▶ Dataset excerpt

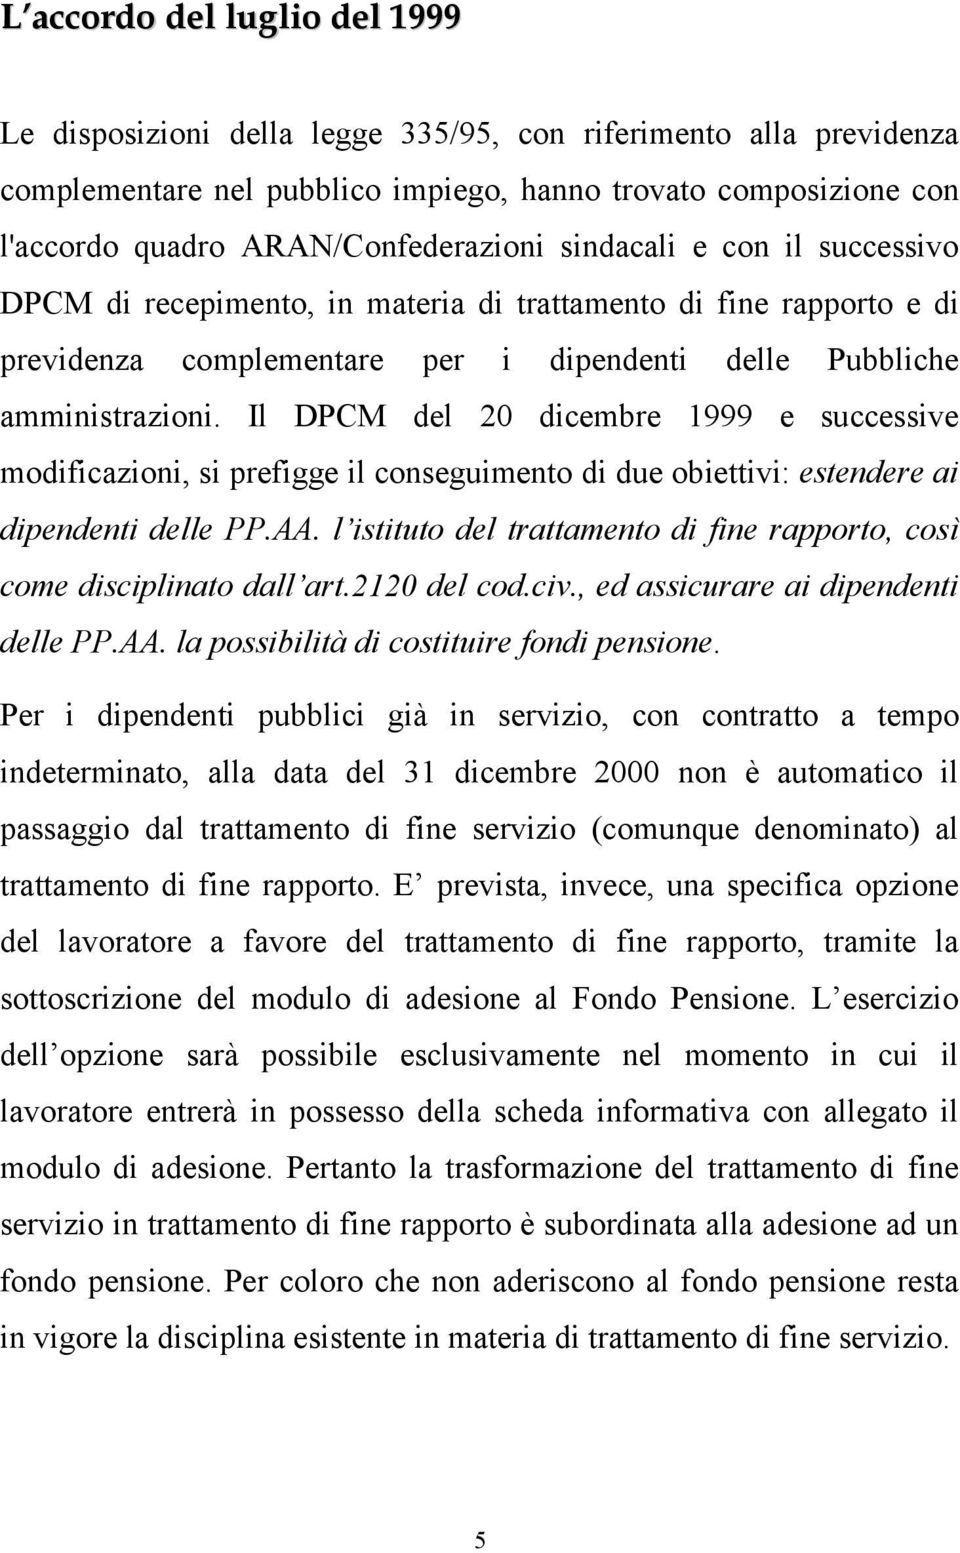 Il DPCM del 20 dicembre 1999 e successive modificazioni, si prefigge il conseguimento di due obiettivi: estendere ai dipendenti delle PP.AA.
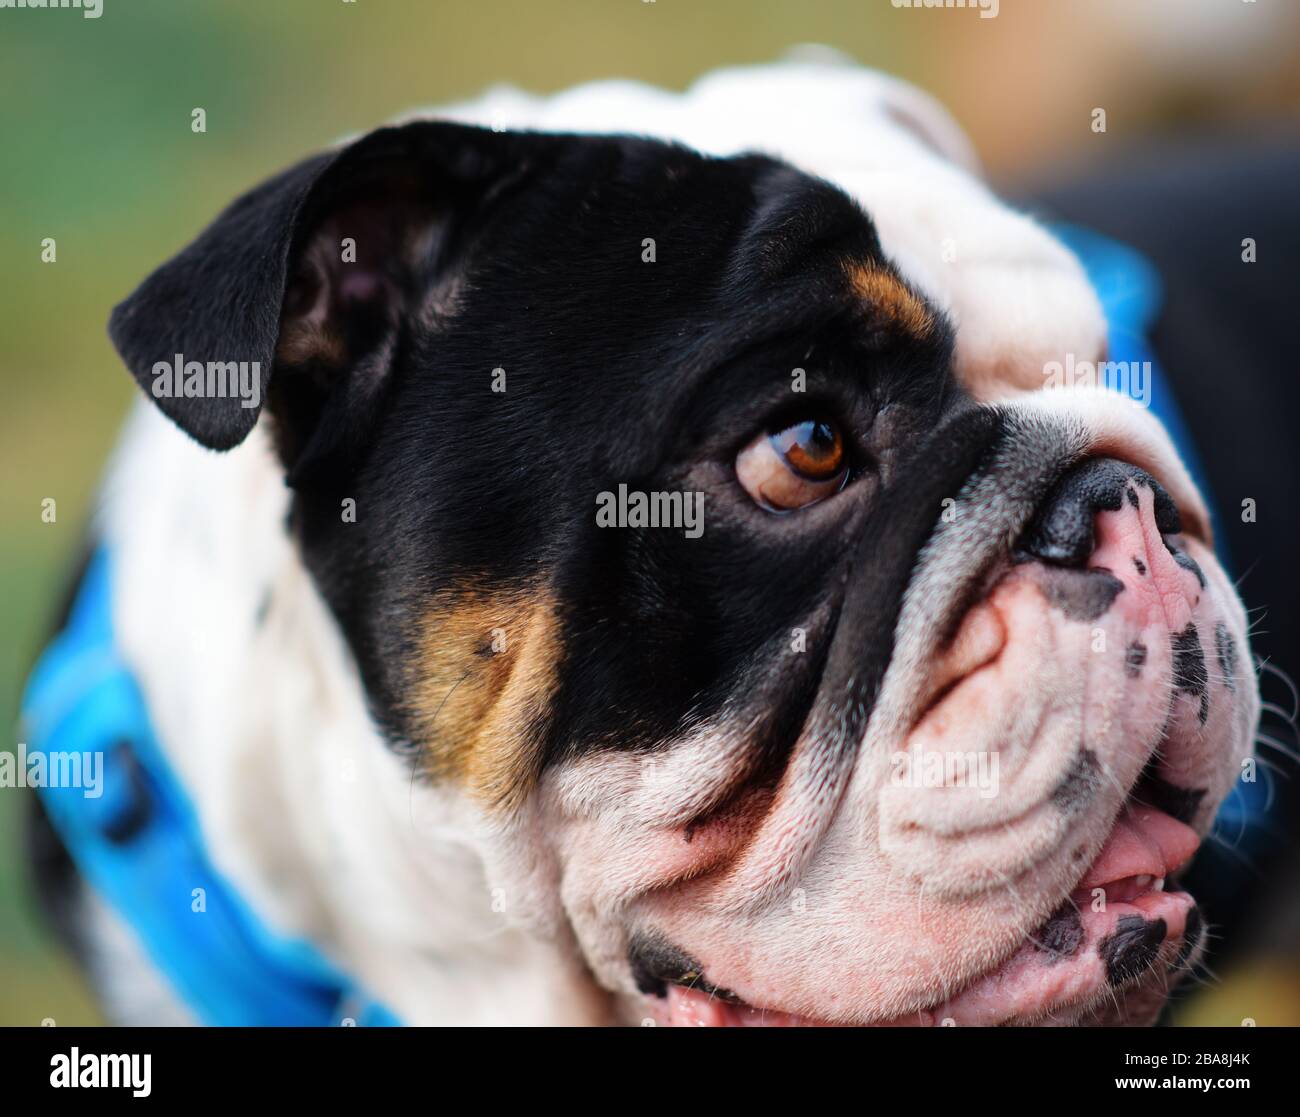 Gros plan sur le visage du chien noir et blanc anglais/britannique Bulldog regardant sur le côté Banque D'Images
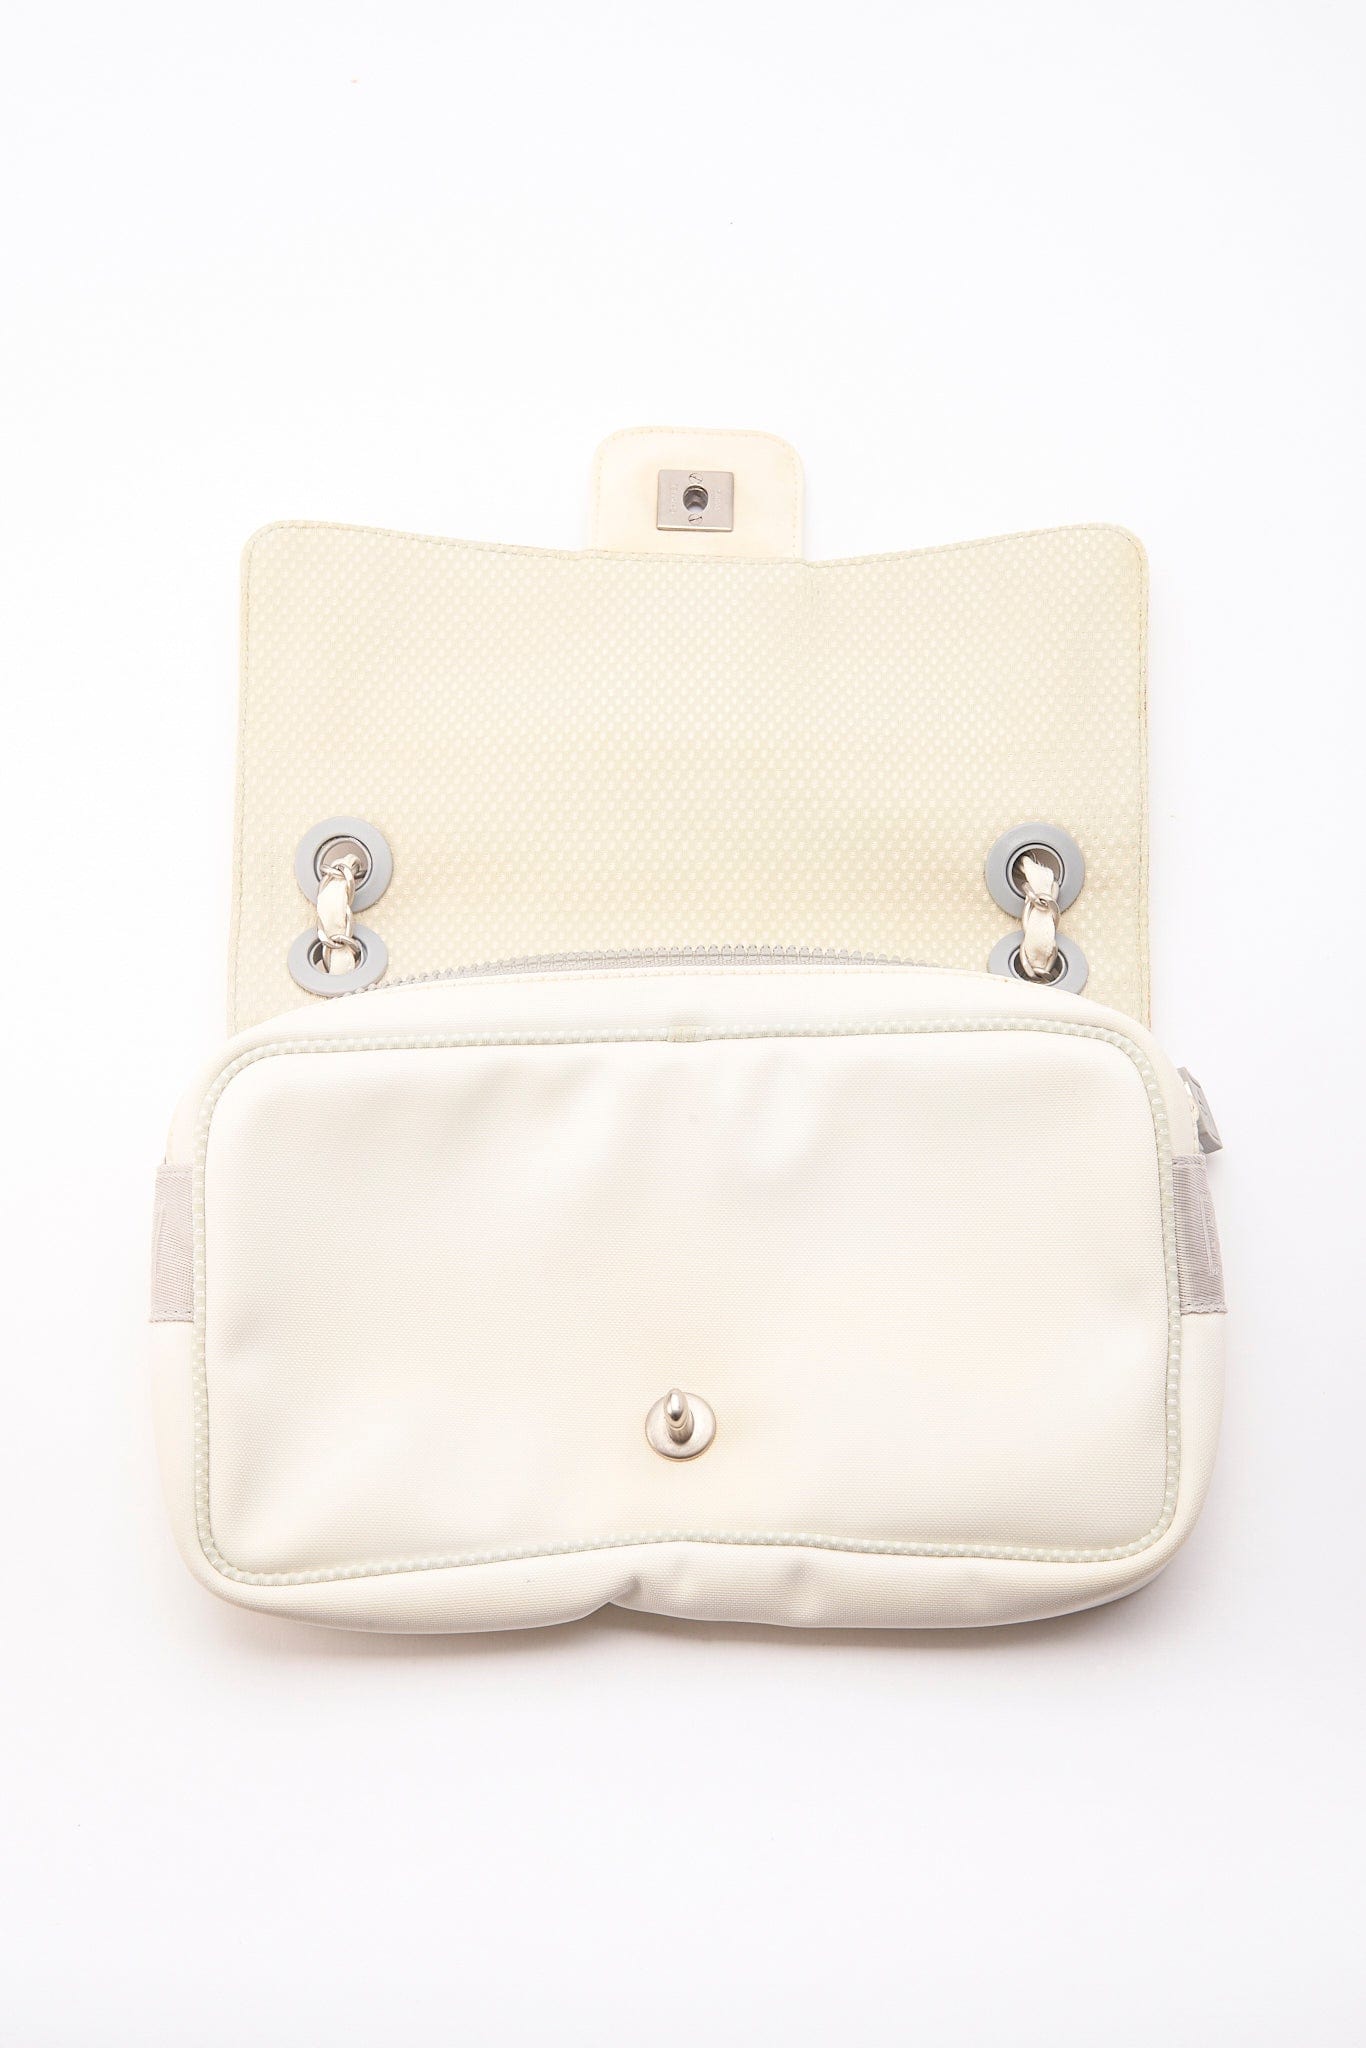 Chanel Sport White Floral Nylon Flap Bag
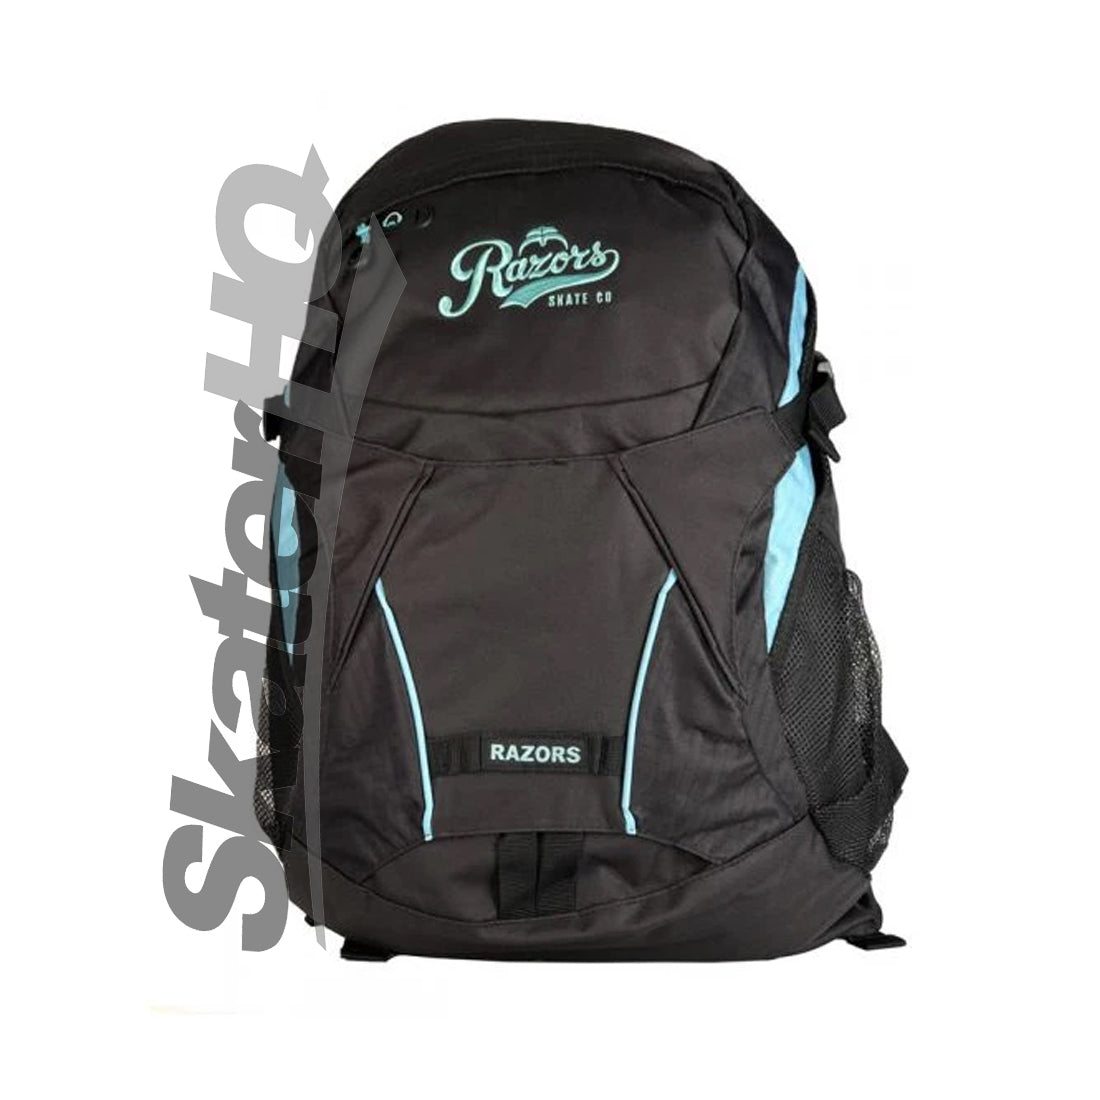 Razors Humble Backpack - Black/Mint Bags and Backpacks

▶ Aim of the exercise
Give back the listing exactly, without a single picture.

▶ Final answer
 Il DPCM del 20 dicembre 1999 e successive modificazioni, si prefigge il conseguimento di due obiettivi: estendere ai dipendenti delle PP.AA.
 Gros plan sur le visage du chien noir et blanc anglais/britannique Bulldog regardant sur le côté Banque D'Images
 Chanel Sport White Floral Nylon Flap Bag
 Razors Humble Backpack - Black/Mint Bags and Backpacks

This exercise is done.